Because of that, modern magic has more of an urgency I feel. Aggressive decks simply need to win faster because the game essentially ends for them at 6 mana. Where back in original Ravnica (the set I played the most), I don't really think that was true. You were certainly losing as an aggressive deck if the control/midrange player hit 6 mana - you didn't want to be there - but the game wasn't over. So for me personally, I prefer that "softer" meta to the modern game and as such that is how I try to gear my cube. By muting the control/midrange options at the top end I do not need hyper aggro to be a thing in order for aggressive decks to be viable. In fact, because I play a lot of multi-player, I really need my aggro decks to have options if the "win now" option doesn't pan out. Decks that vomit their hands on the table in 3 turns really suck in most multi-player settings.

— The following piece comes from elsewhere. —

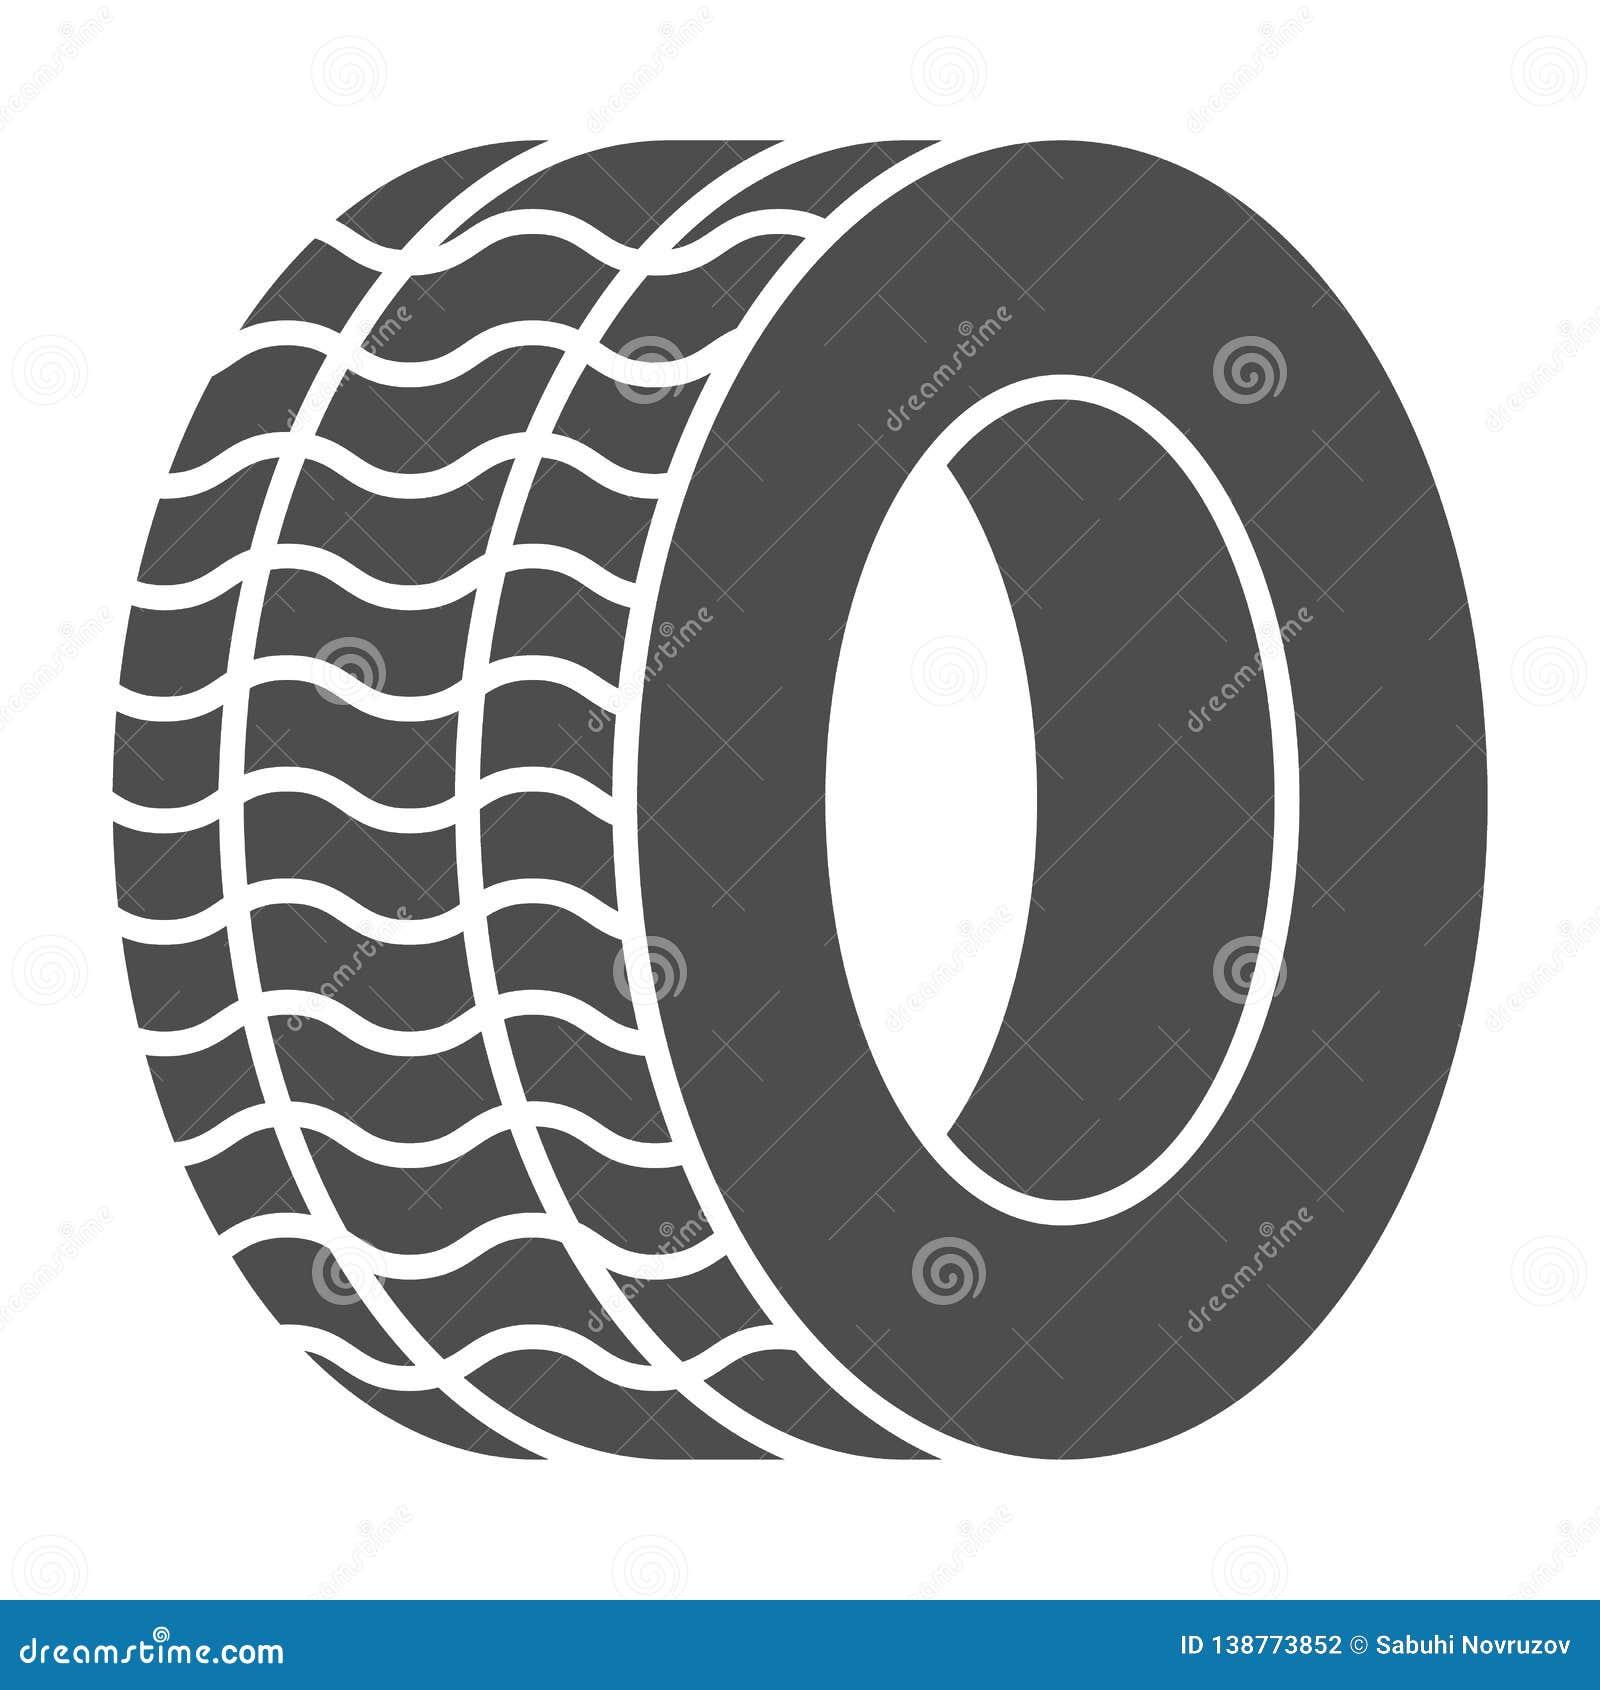 Feste Ikone des Reifens Automobilrad-Vektorillustration lokalisiert auf Weiß Autoreifen Glyph-Artentwurf, bestimmt für Netz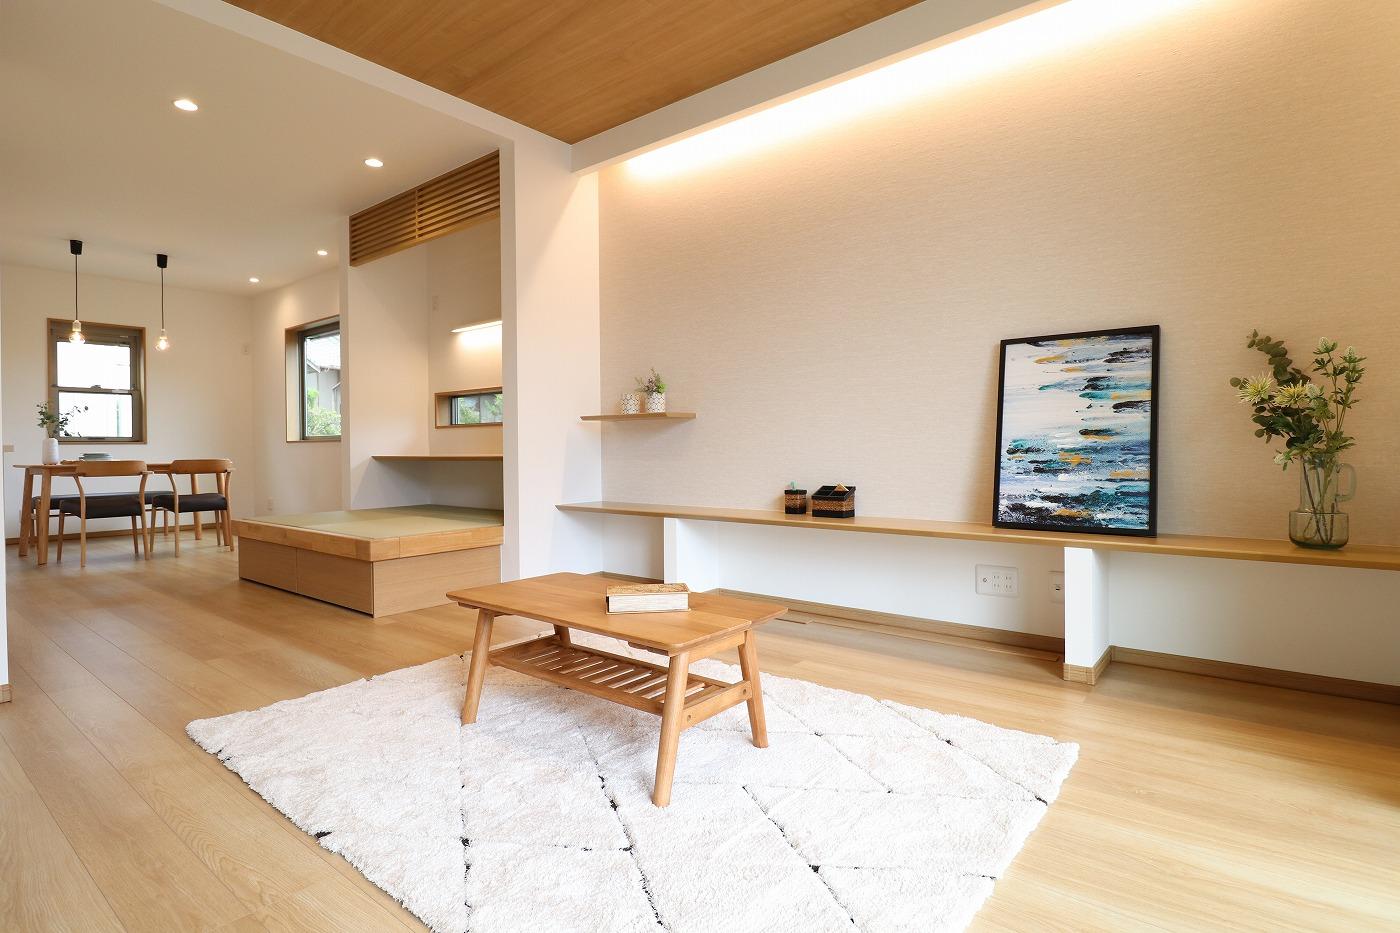 高松市上福岡町の新築分譲住宅のリビング

Someone mentioned making aggro more of an "aggro/control" arch type and I'm really in favor of that personally. I'm not sure I have successfully done that in my cube, but it would be the ideal scenario - where essentially I still have aggressive decks that can put pressure early but don't just roll over once the game goes past turn 5. At the same time, if someone loves to play hyper fast "go for broke" type decks, I don't mind trying to support that as long as it doesn't involve allocating 100 cards of my cube to make it draftable (especially since most guys I play with do not tend to make those kinds of decks anyway).